In this paper, we developed novel methods for (a) GWAS using longitudinal data and (b) GWAS/genomic region association with response to fenofibrate treatment based on a family-based design. These methods are agnostic to the choice of phenotype and can be generalized to any such study. Although we could not detect any novel biologically relevant locus that is significantly associated with response to fenofibrate treatment, we identified a few loci that are associated with TG and HDL levels. Our belief is that the primary reason for obtaining only a small number of significant association findings is the much smaller sample size in our analyses as compared to conventional GWAS. Validation in a larger sample might throw more light on the roles of the top few significantly associated SNPs and/or genomic regions in controlling TG and HDL levels. Nevertheless, this study emphasizes the effect of administering fenofibrate to individuals with specific genetic profiles.
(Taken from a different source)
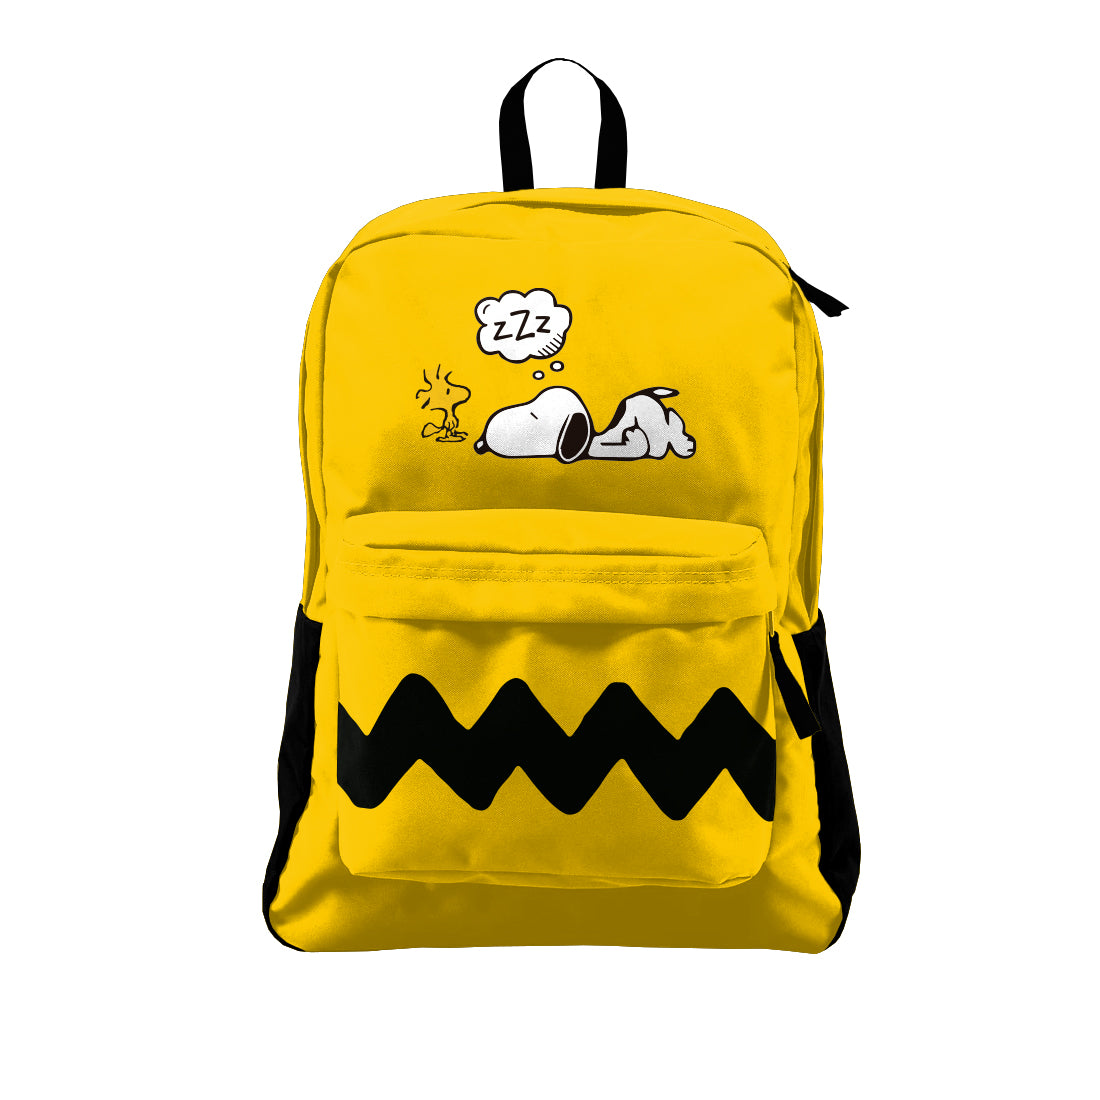 Maleta Snoopy amarilla

We pruned the available set of SNPs to an independent set of SNPs in our GWAS, primarily to reduce the multiple-testing burden. Because many studies impute SNPs, and hence augment the number of available SNPs, to explore association findings for previously reported SNPs that have not been genotyped, our strategy has a caveat in the sense of reduction in the overall power of the GWAS. Similarly, while our proposed method involves simultaneous testing of multiple SNPs within a gene in order to evaluate association at the gene level, it may yield lower powers compared to the usual single SNP analyses in GWAS.

We imputed the missing phenotype data using a known heritability value [5] and have applied the EM algorithm. Although studies show that such imputation may lead to some loss of power and hence seems to be a limitation of our current method, the intuition behind the imputation strategy was to use the maximum phenotype data in our analyses. A more general model that includes the genotype data can be developed in a likelihood framework for testing association, but this would increase substantial computational complexity while calculating the test statistic.

Association findings based on any real data set are susceptible to being false positives. If these findings validate previous reports of association, they are more likely to be true positives. In case of novel significant findings, it is necessary to either validate them in an independent data set or, alternatively, to perform extensive simulations under similar genotype and phenotype structures to evaluate the false-positive rates of the underlying test procedures.